At services in Dix's honor, his superiors said he had taken his own life.

"Why he did it, we do not know," said Lt. Col. Pete Hemlinger during a memorial service in Kuwait, according to a copy of his statement released by Ft. Lewis. "Beneath his quiet and well-intentioned demeanor, he was fighting an inner battle. About what, we may never know." Dix's death remains under investigation.

In the meantime, his family is still looking for answers.

"M-16s go off all the time," Stephanie said. "Who's to say he wasn't stomping bugs and it went off?"

"He wouldn't do something like that," Christopher said of suicide.

At a closed-casket ceremony in South Hill, Christopher said he insisted on making sure the body in the coffin belonged to his brother. Dix's head was wrapped, his brother said, but there on his right biceps was the tattoo of a chain with a dangling smiley face.

It was Timmy, all right.

Spc. William Timothy Dix, 32, was buried at Arlington National Cemetery in May.

In addition to his brother and sister, Dix is survived by his mother, Barbara Moore Dix, of Palmer Springs, Va., and father, Wilhelm Dewey Dix, of Florida.


Posted by: Richard at July 27, 2008 6:06 PM

"love Christians killing non-Christians"

Well, there's no point in taking up a conversation with you, it would seem.

Posted by: Justin Katz at July 27, 2008 7:19 PM

Probably not much point. I could see myself debating all kinds of politics issues with you Justin, but when things veer into the religious I would ber uncomfortable. I was raised in the liberal Protestant trsadition of tolerance, interest and respect for all religions.

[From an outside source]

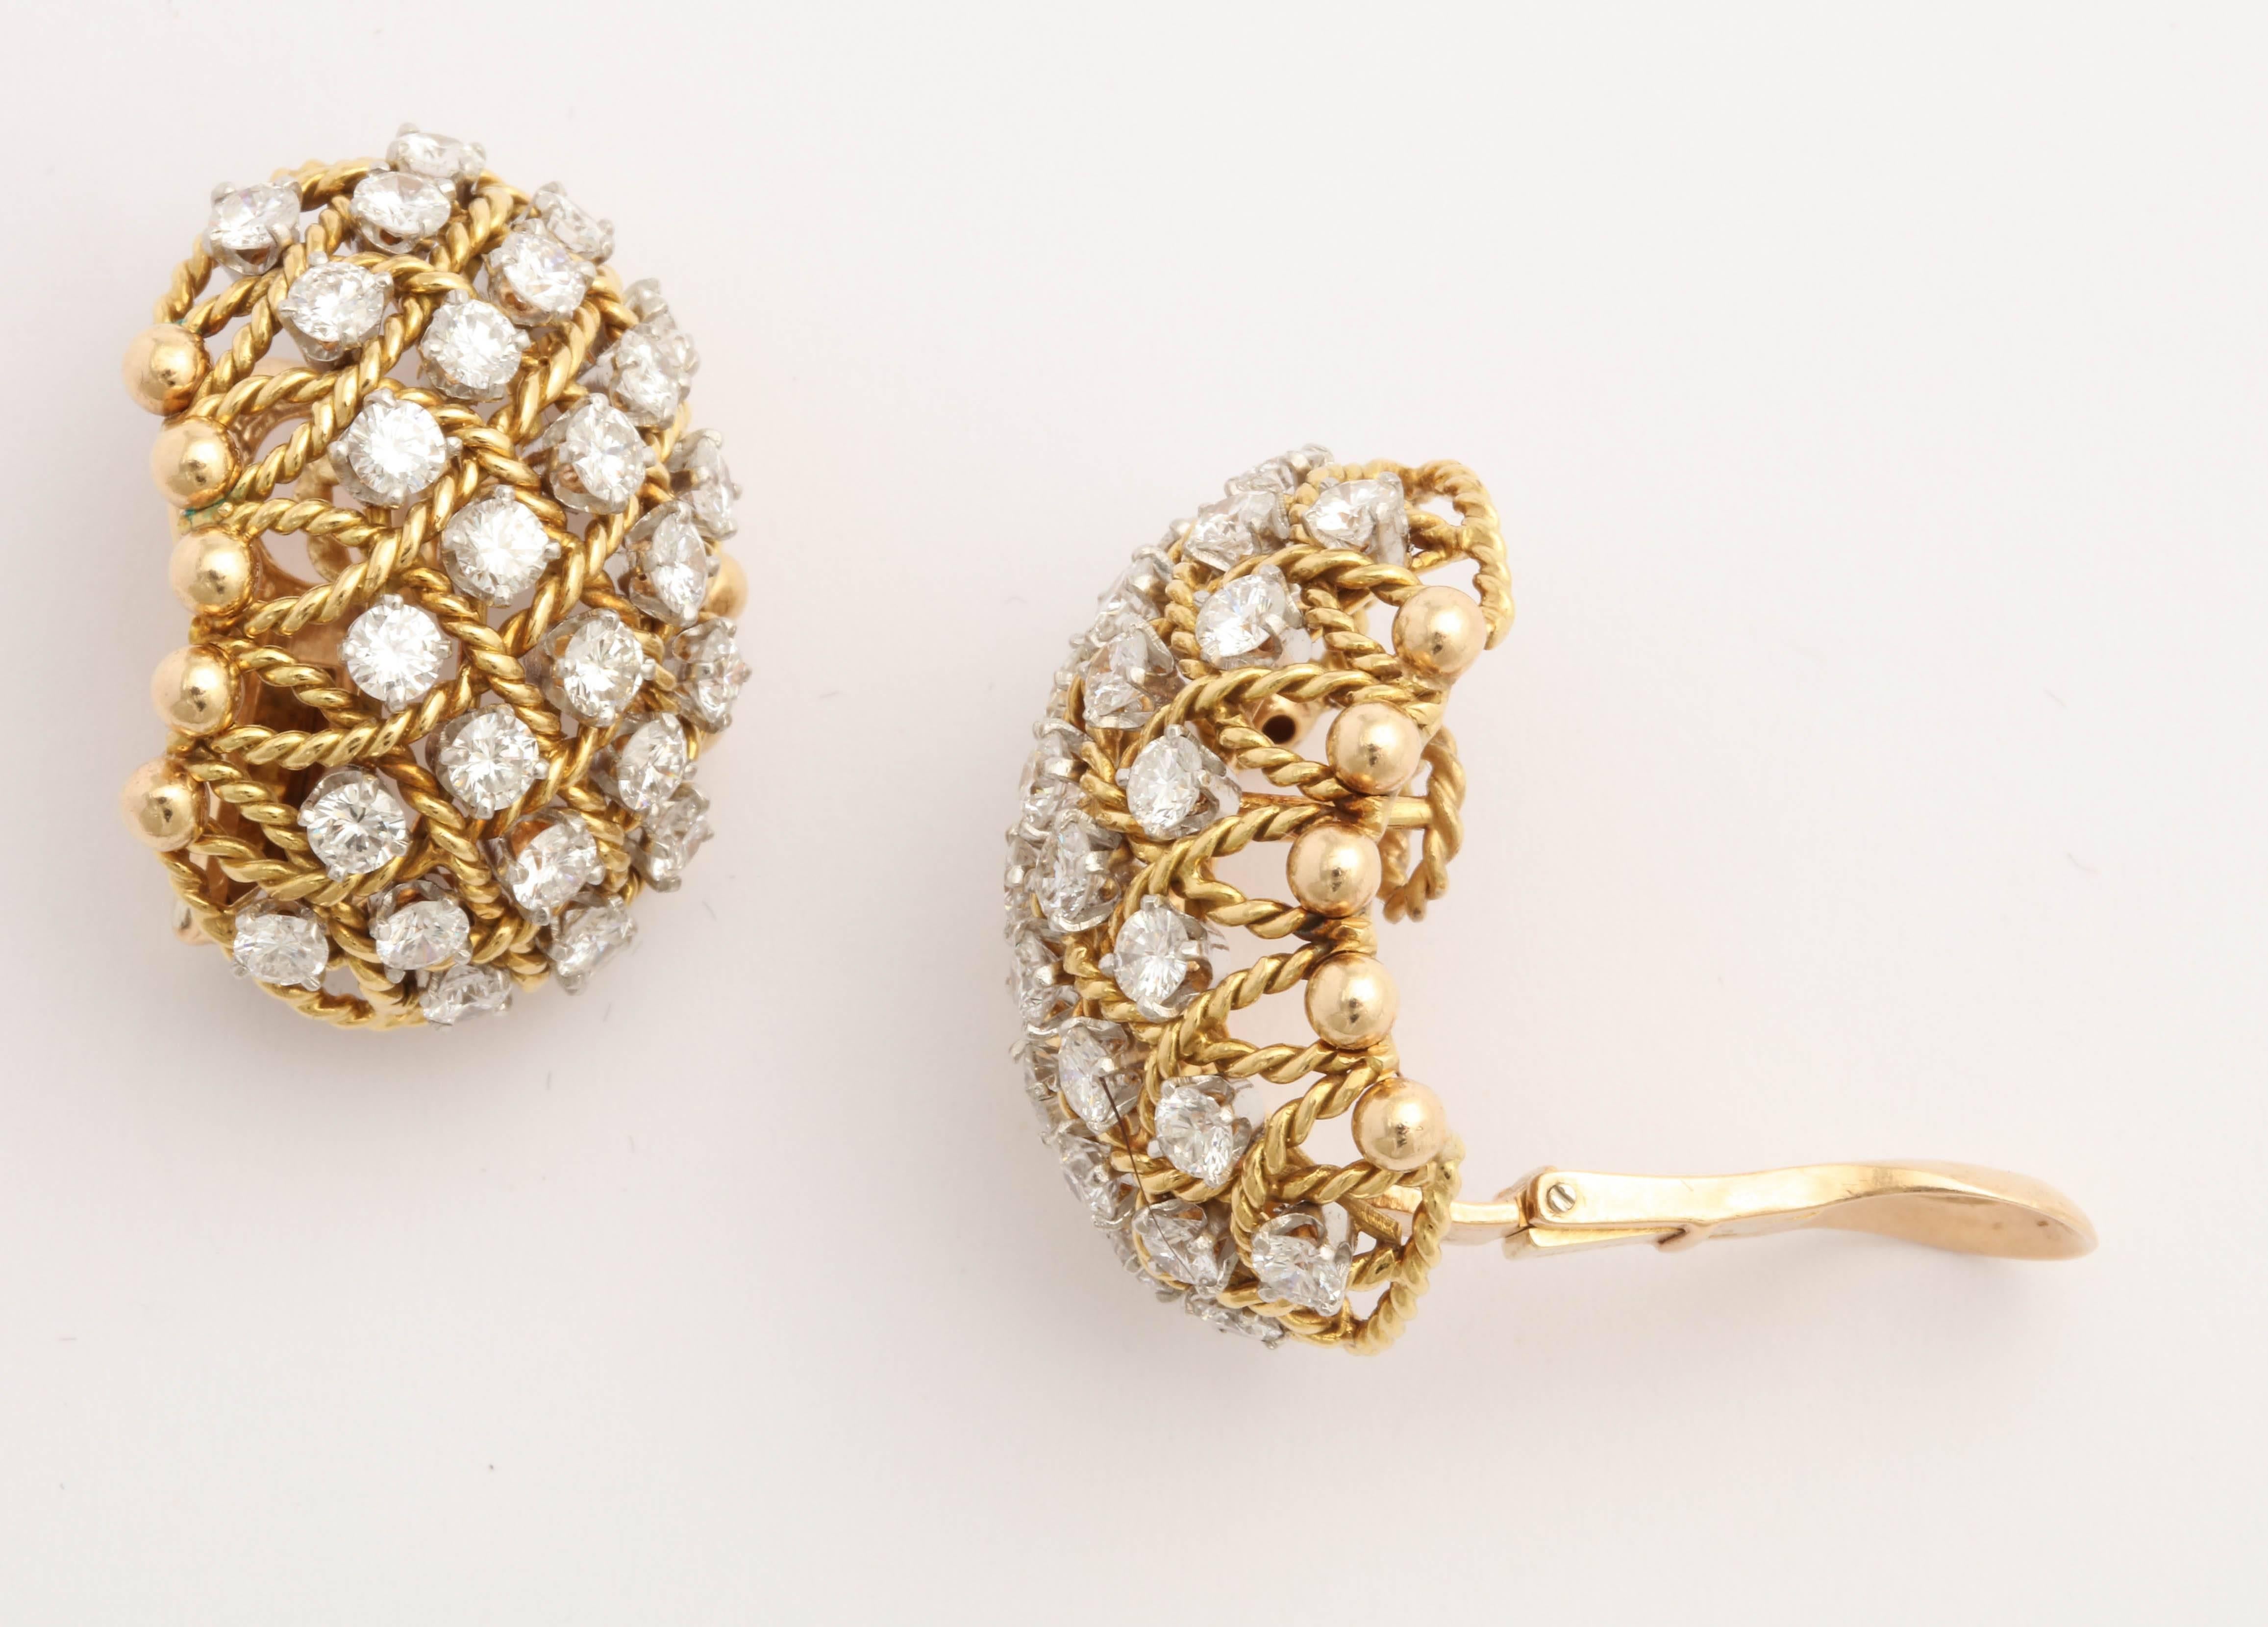 French 18kt Yellow Gold  Basket Earrings set with 56 full cut clean white diamonds set in between a basket weave motif.   Diamonds weighing approximately 6 carats total.  1980's.

Despite this being ingrained in my psyche, I have great distrust and dislike of the very small minority of religious uber-believers who feel that "the others" are dangerous, who express a belief that "the sexual revolution" and the acceptance of contraception in the 1960's are at the root of all evil. These views are so extreme, intolerant and outside the mainstream I find it hard to advise you where to live to be comfortable- maybe an isolated conservative hill town in Sicily? Where they don't even ackowledge that Paul VI and JP II were popes, because they seem too human.

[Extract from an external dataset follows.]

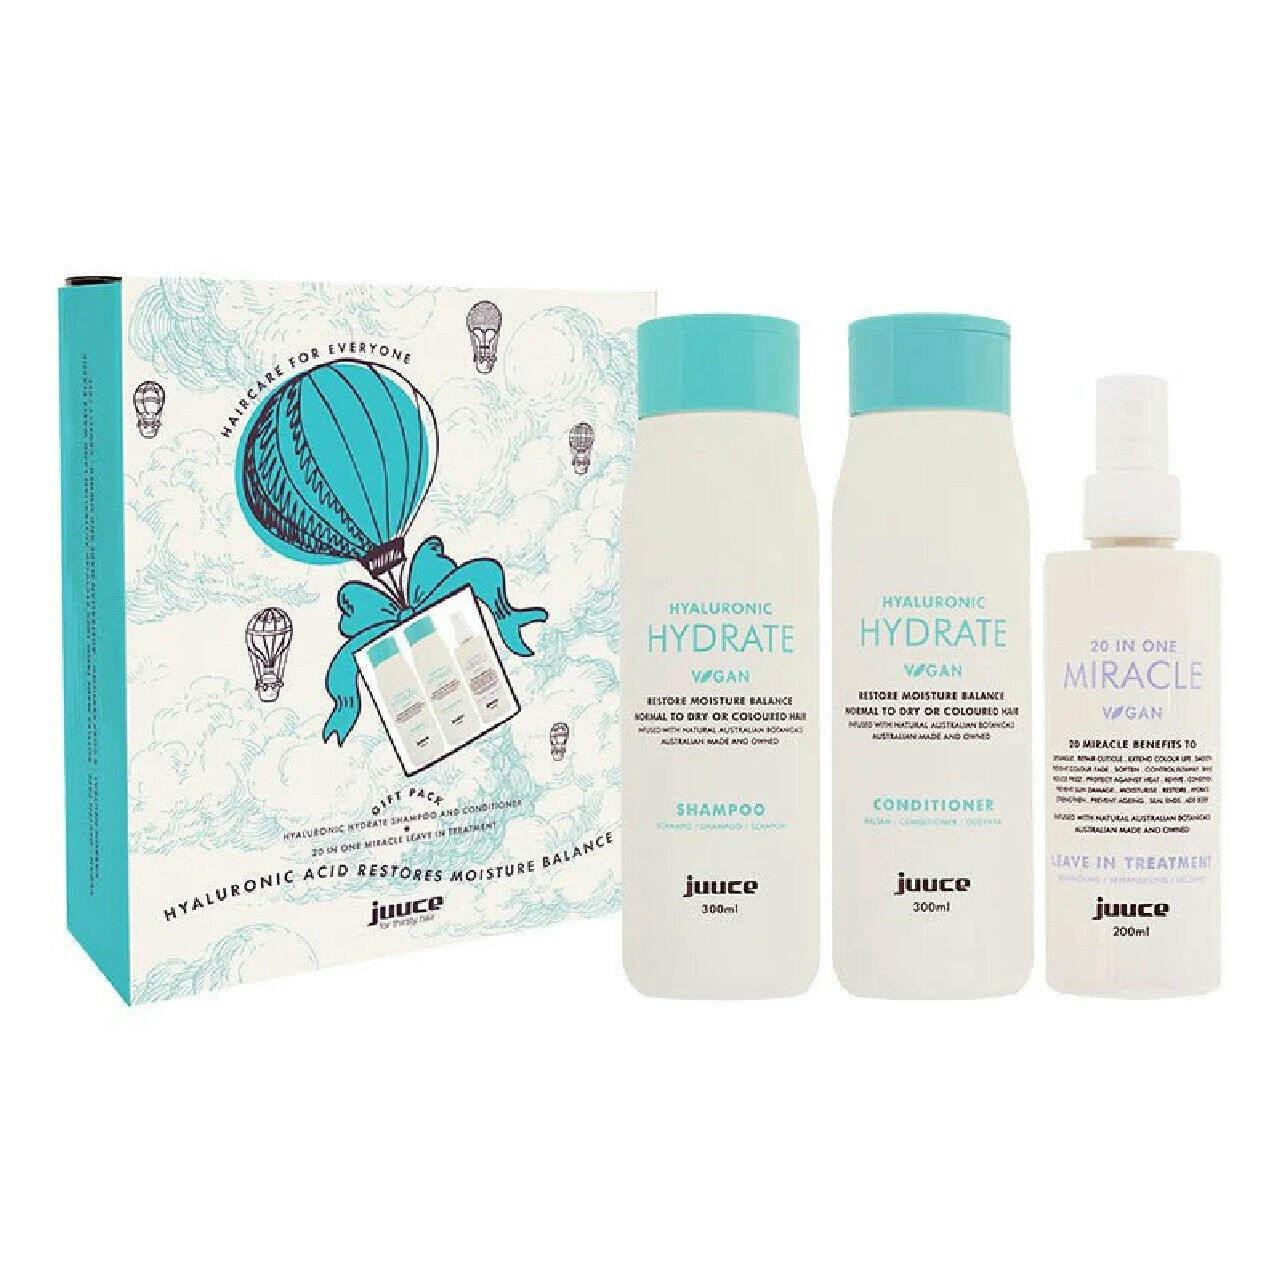 Juuce Hyaluronic Hydrate Trio

I can accept your views on religion and social life, as your own views, and can accept your right to bring those views to your children. but I strongly object to your attemps to legislare your narrow view of morality on the rest of the country.

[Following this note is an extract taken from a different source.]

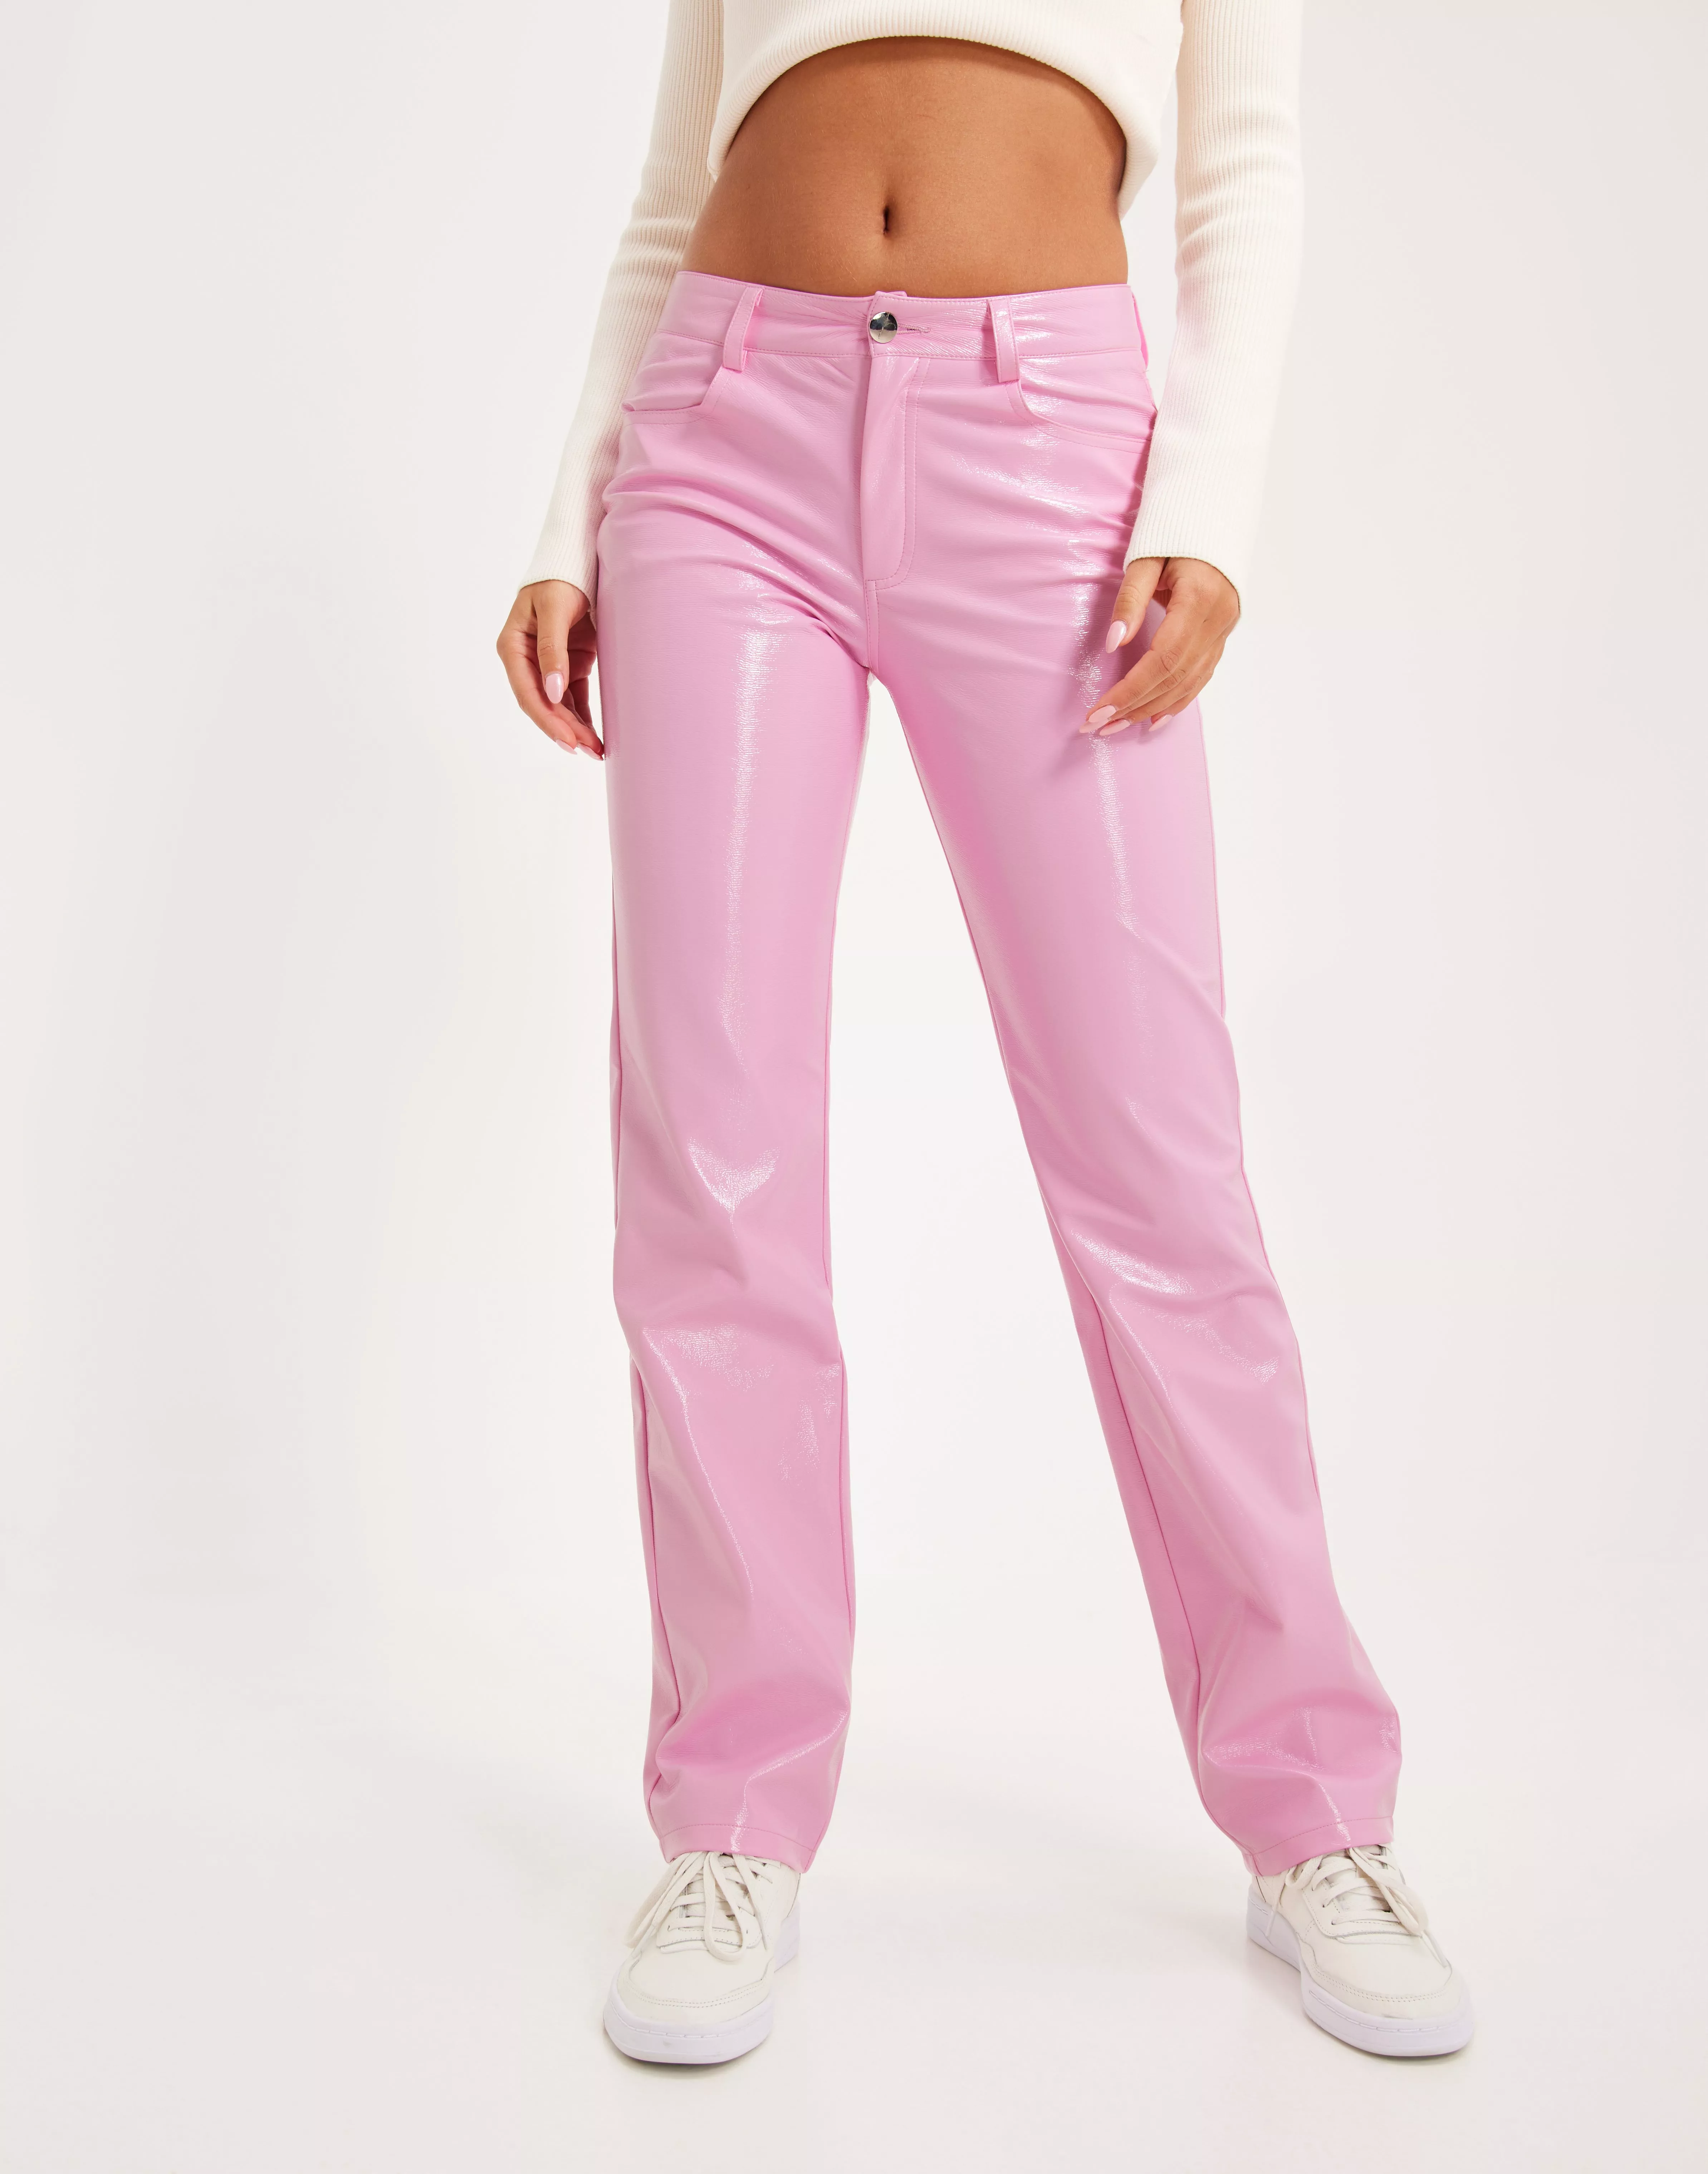 Fritid finger Indkøbscenter Buy Nelly Colored PU Pants - Pink | Nelly.com

Maybe we can never have a true dialogue, but I will not let you state your extreme views without posting to let you knows you live in a moral world where those views are not welcome.

Posted by: Richard at July 27, 2008 8:04 PM

I'd be much more comfortable with your response, Richard, if you gave any indication that your reservations are based on my own views, rather than a cliché that leaves you affirmed in your own radical views.

I have great tolerance, interest, and respect for other religions, provided I may reserve the right to show their followers the respect of pointing out where I think they err. Your style of fluffy tolerance is the tolerance of ambivalence.

In fact, I reject your claim to tolerance. You are intolerant in the worst way: quick to dismiss that which you do not like (or do not understand) as outside the bounds within which toleration is conceivable. You cannot comprehend my views on, say, contraception sufficiently to understand how a reasonable man could think such things (one hint: evil has many roots, and humans often stumble on them with the best of intentions, often pursuing goals that would be laudable were they differently implemented), so you make a point of making people of my views feel uncomfortable.

The frightening irony is that your ilk will chase down such views as mine from coast to coast, insisting that only your narrow morality is adequate for the construction of civic society, whether in Rhode Island or Mississippi or Montana. You clearly think me among the "dangerous others," and you're already contemplating other regions to which I might be happy to be deported.

I'll end with a line that I withheld (out of respectful prudence) from my previous comment, but that now appears to have greater merit: Be sure to spell my name correctly when they ask you to name anybody who ought to be taken away for reeducation. Beware your search for fascists through the glass; you might find that you're not looking out the window, but into a mirror.